Welcome to the BSI-PT project! This project implements the BSI-PT (Bayesian Strategy Inference plus Policy Tracking) framework and the experiments presented in the paper Opponent Exploitation Based on Bayesian Strategy Inference and Policy Tracking.

In the experiments, we compare our BSI-PT framework with previous BPR variants including BPR+¹, DPN-BPR+², and Bayes-OKR³ in the extended batter vs. pitcher game (EBvPG) defined in the paper.

Authors

Kuei-Tso Lee
Yen-Yun Huang
Je-Ruei Yang
Sheng-Jyh Wang

Citation

Please site our paper if you find this project useful.

@article{lee2023opponent,
  title={Opponent Exploitation Based on Bayesian Strategy Inference and Policy Tracking},
  author={Lee, Kuei-Tso and Huang, Yen-Yun and Yang, Je-Ruei and Wang, Sheng-Jyh},
  journal={IEEE Transactions on Games},
  year={2023},
  publisher={IEEE}
}

Getting Started

To reproduce the results in the paper, use the scripts/run_exps_and_plot.sh script. There are two methods for setting up the environment to run the script.

Virtual Environment

Make sure you have Python 3.8+ installed, then set up a virtual environment using venv and activate it.

python -m venv venv
source venv/bin/activate

Then install the dependencies in requirements.txt using pip.

pip install -r requirements.txt

Docker

First, build the image. Make sure you are in the root directory of this repository.

docker build -t bsi-pt .

Run a container using the image and mount the src/ directory to see the results.

docker run -it -v $(pwd)/src:/app/src bsi-pt

You will enter an interactive shell inside the container.

Run the Experiments

Run the experiments using the following command:

scripts/run_exps_and_plot.sh [SCENARIO] [NUM_RUNS] [NUM_EPISODE]

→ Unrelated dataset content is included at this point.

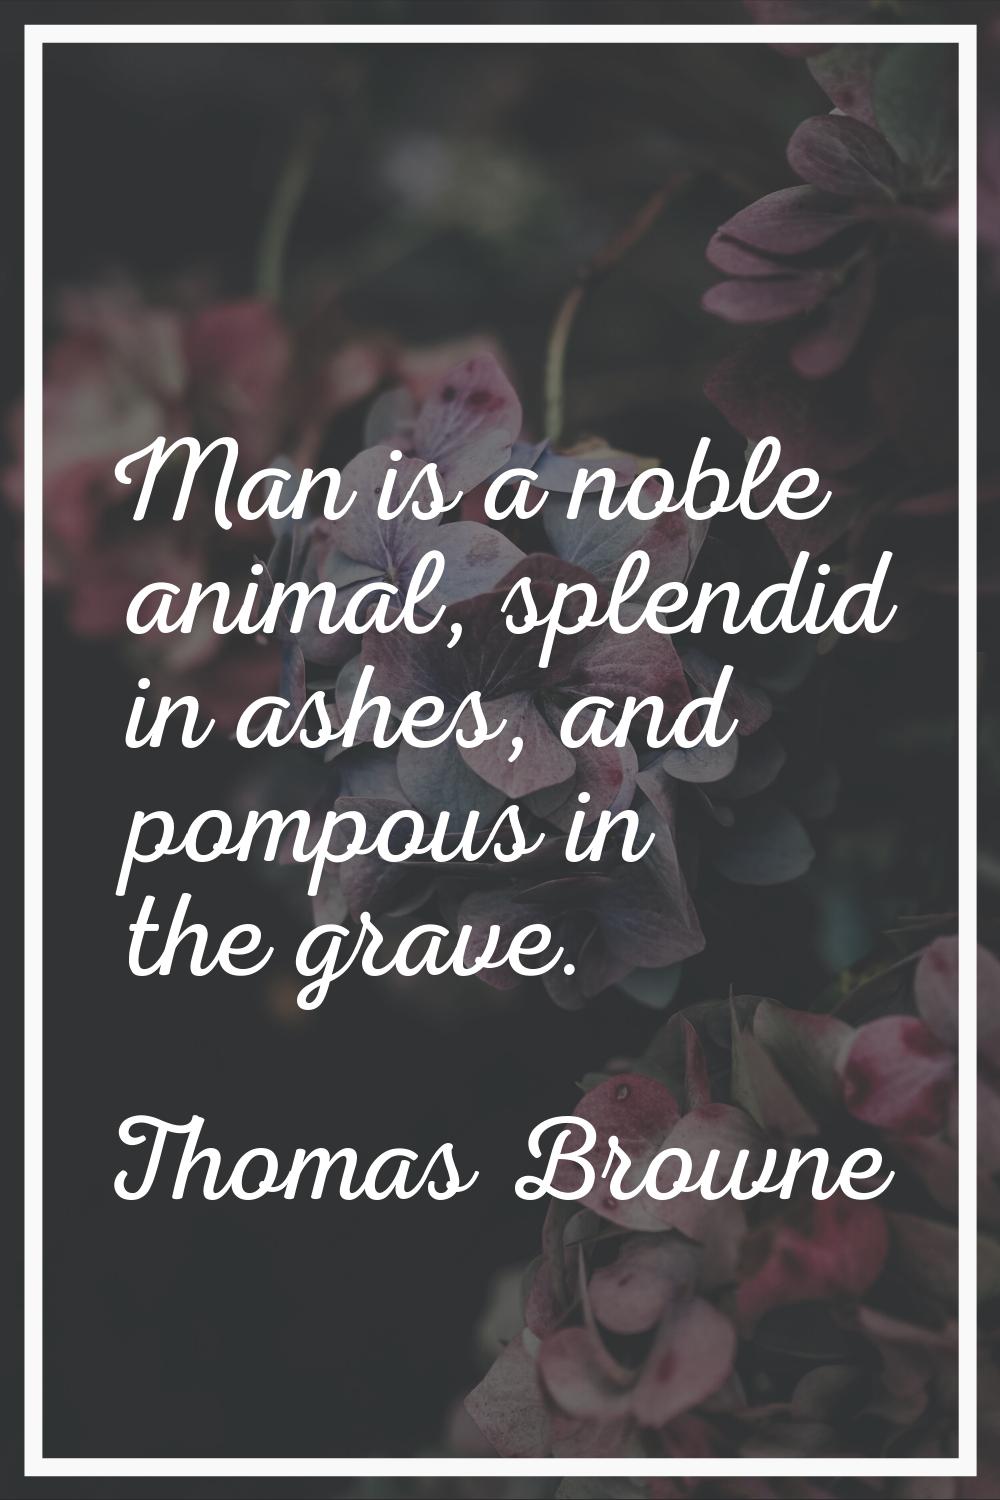 Man is a noble animal, splendid in ashes, and pompous in the grave.

[SCENARIO] defines the scenario the experiments will run on, the default is baseball (see extended batter vs. pitcher game (EBvPG)). [NUM_EPISODES] defines the length of each game, and [NUM_RUNS] defines the number of games to run.

The value of [NUM_RUNS] is quite large in the paper (200,000 runs) since we want to ensure the results are statistically significant. We set the default of [NUM_RUNS] to 1,000 in the project, which still requires a few minutes to complete. For a quick run, it's recommended to set it to a smaller number (e.g. 10). However, please note that the results may be quite unstable with a small number of runs.

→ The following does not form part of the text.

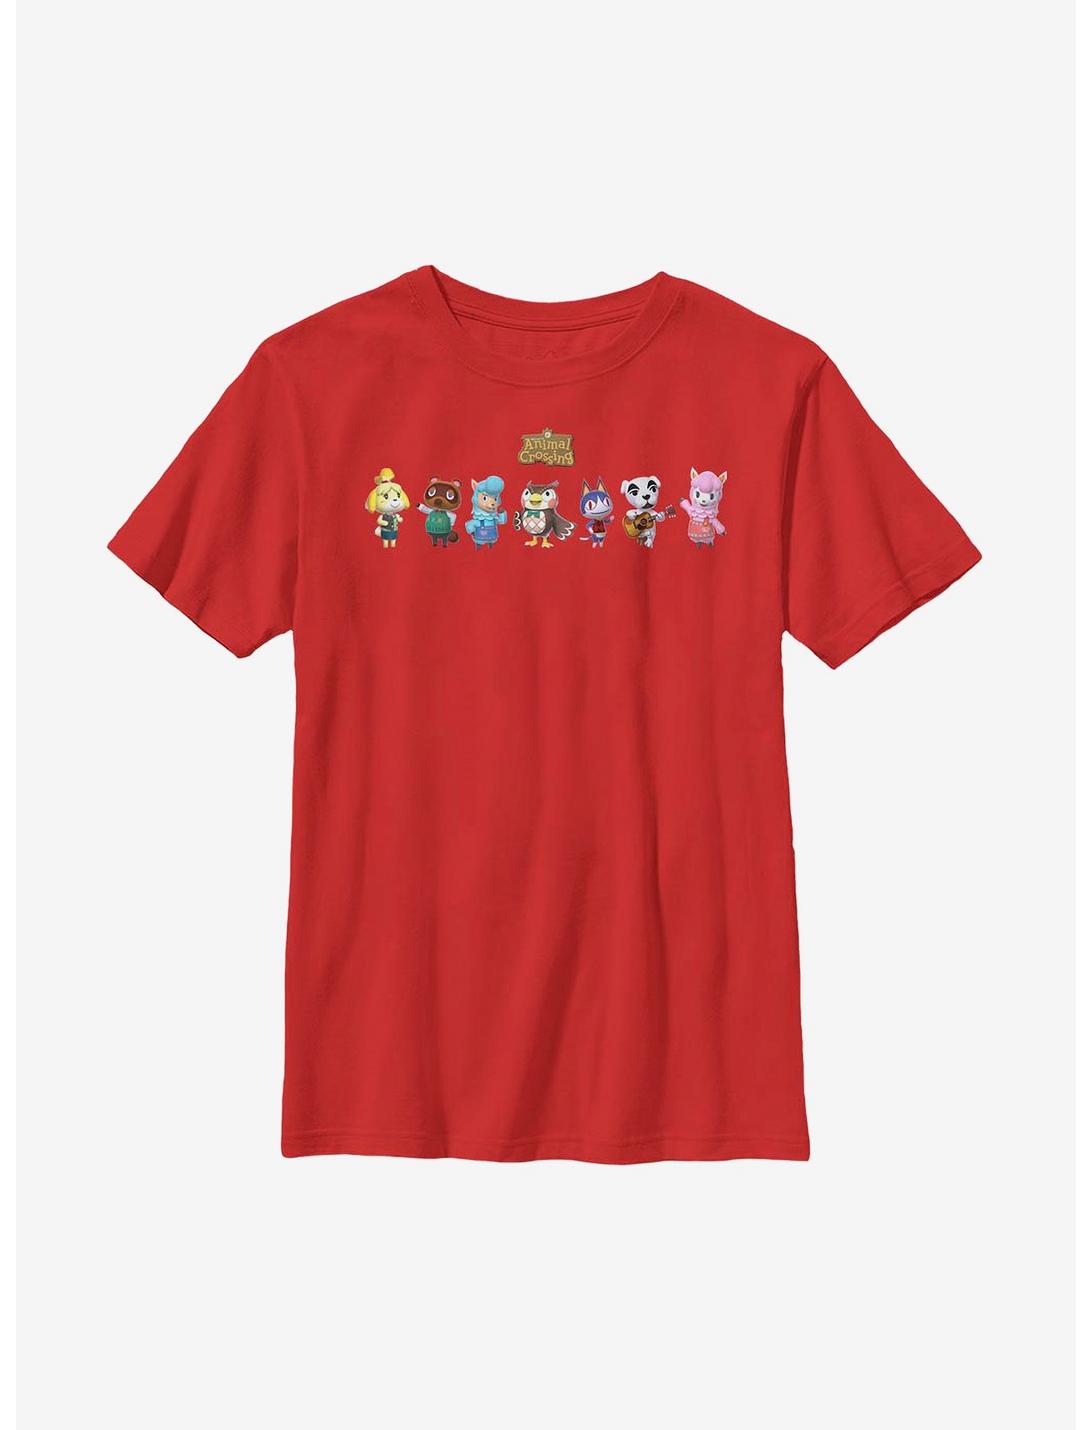 Animal Crossing Greetings Youth T-Shirt, RED, hi-res

# for a quick run, try this
scripts/run_exps_and_plot.sh baseball 10 20

The raw data will be stored in src/data/ in .pkl format. The figures will be generated from those data and stored in src/fig/, then the data points in the figures will be stored in CSV format in src/csv/.

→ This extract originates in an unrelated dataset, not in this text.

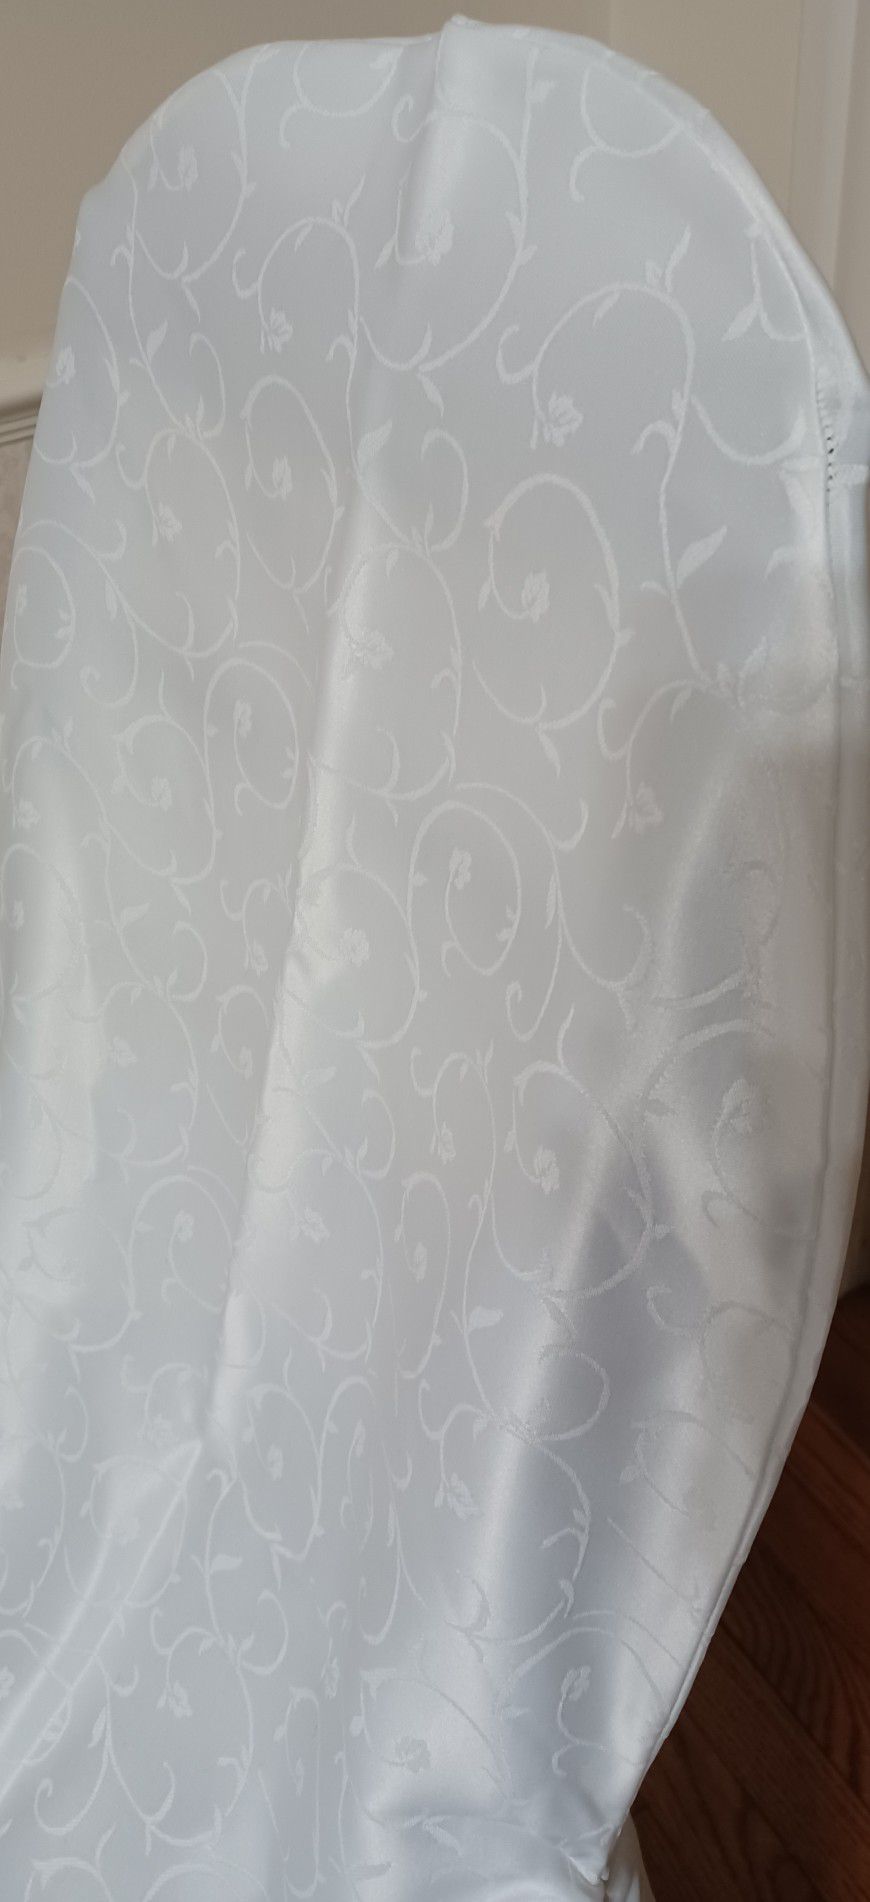 Chair Covers, White Patterned Satin , $3.50 Each, Six Total

If you want to run the experiments individually or inspect each algorithm in detail, see Run Individual Experiment.

Extras

In addition to the EBvPG environment, which is under the baseball_game/ directory in this repository, we also implemented three other environments inspired by the Bayes-OKR³ paper, including Grid World, Navigation Game, and Soccer Game. In these three environments, Bayes-ToMoP⁴ and BSI (BSI-PT without policy tracking capability) agents are also presented.

Hernandez-Leal, Pablo, et al. "Identifying and tracking switching, non-stationary opponents: A Bayesian approach." (2016). ↩
Zheng, Yan, et al. "Efficient policy detecting and reusing for non-stationarity in Markov games." (2021). ↩
Chen, Hao, et al. "Accurate policy detection and efficient knowledge reuse against multi-strategic opponents." (2022). ↩↩
Yang, Tianpei, et al. "Towards efficient detection and optimal response against sophisticated opponents." (2018). ↩